Feb 7, 2010

mpdtrace and using multiple nodes to run mpi

In a cluster, which the user may need to launch the mpd manually, here are descriptions of to-dos. The situation that one may consider to do so, is when you launch a executable program on multiple nodes, however, there is only the local node is used. Or you see some error like MPI connection or communication error. It is the time to check if all the nodes listed in the hosts file are able to communicate with each other. Error like: mpiexec: unable to start all procs; may have invalid machine names remaining specified hosts.

Following description works for MPICH2, using mpiexec ot mpirun. That is how I tested. 

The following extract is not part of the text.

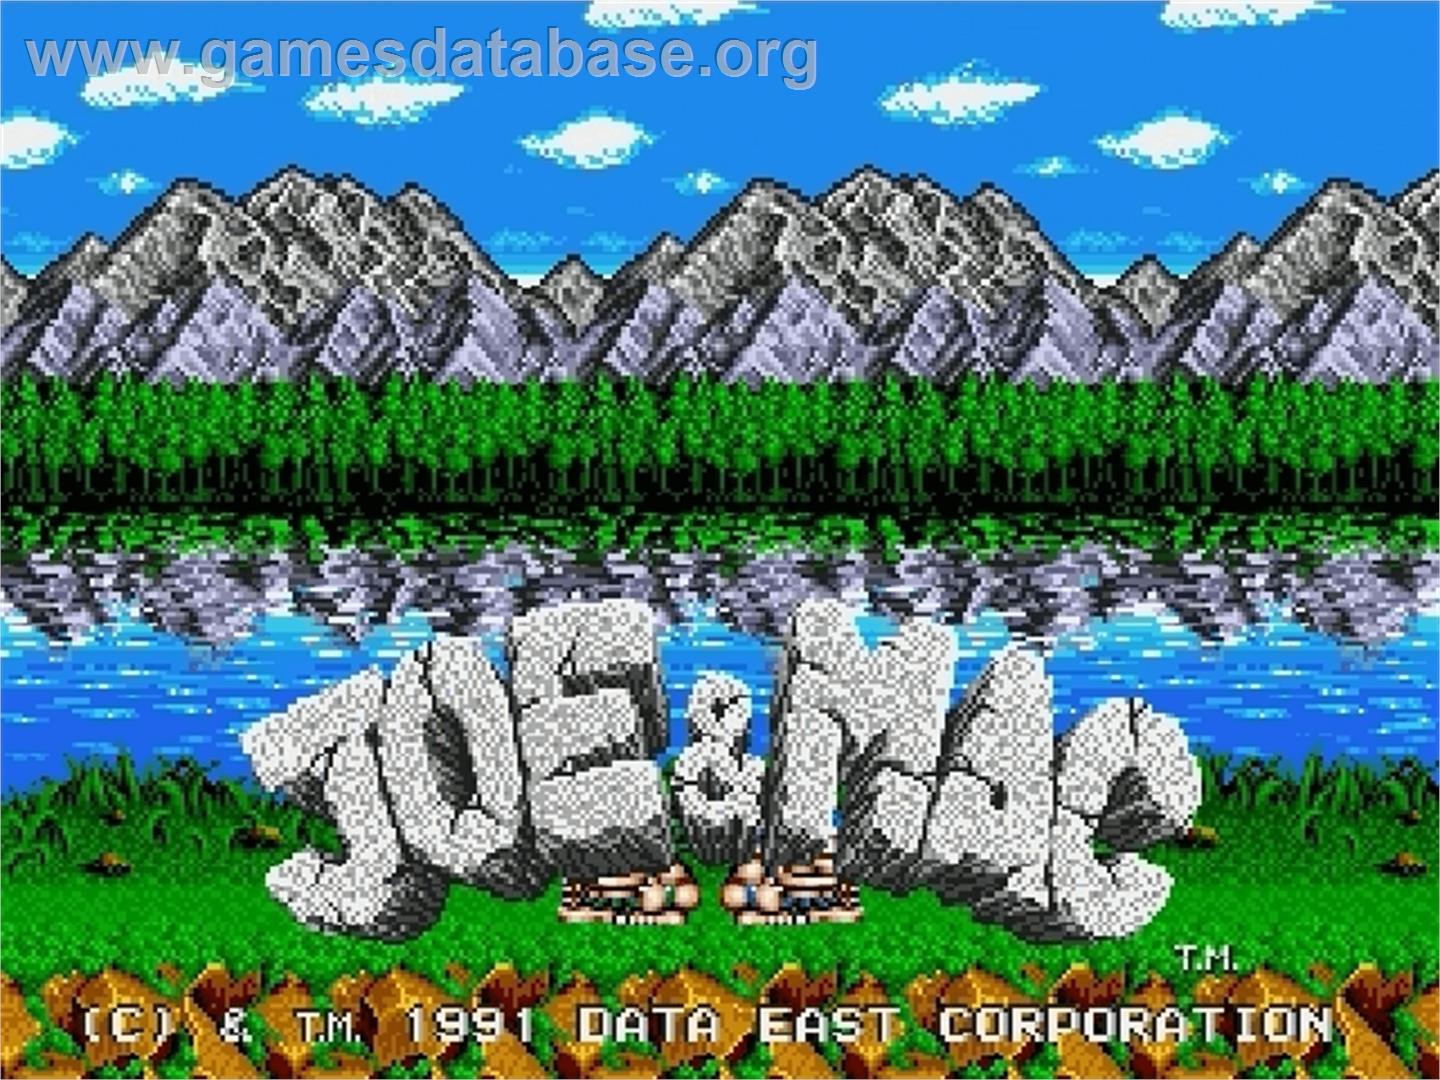 Joe & Mac: Caveman Ninja - Sega Genesis - Artwork - Title Screen

On the node where you launch the program, type
>> mpdtrace -l
It gives you  <node name>_<port>(IP)
blade50_51094 (IP **)
blade49_56382 (IP **)
blade47_35763 (IP **)
blade48_49526 (IP **)
blade51_53029 (IP **) 

If not all nodes are listed here, for example, if blade46 is in the hosts file, and is available. ssh to blade46, type
>>mpd -h blade50 -p 51094 &
If you want to start more mpd
>>mpd -h blade50 -p 51094 -n &
Then the blade46 can be used.

To clean up mpd daemon, use mpdcleanup

Besides, if you want to launch m consecutive ranks on the same node, use mpd --ncpus=m
For example:
mpd --ncpus=2 &
or
mpd --ncpus=2 -h blade50 -p 51094 &


QUOTE"
If an mpd is started with the --ncpus option, then when it is its turn to start a process, it will start several application processes rather than just one before handing off the task of starting more processes to the next mpd in the ring. For example, if the mpd is started with
mpd --ncpus=4
then it will start as many as four application processes, with consecutive ranks, when it is its turn to start processes. This option is for use in clusters of SMP's, when the user would like consecutive ranks to appear on the same machine. (In the default case, the same number of processes might well run on the machine, but their ranks would be different.) (A feature of the --ncpus=[n] argument is that it has the above effect only until all of the mpd's have started n processes at a time once; afterwards each mpd starts one process at a time. This is in order to balance the number of processes per machine to the extent possible.)
"END of QUOTE

1 comment:

Anonymous said...

I got the same error, and your solution worked. Thanks!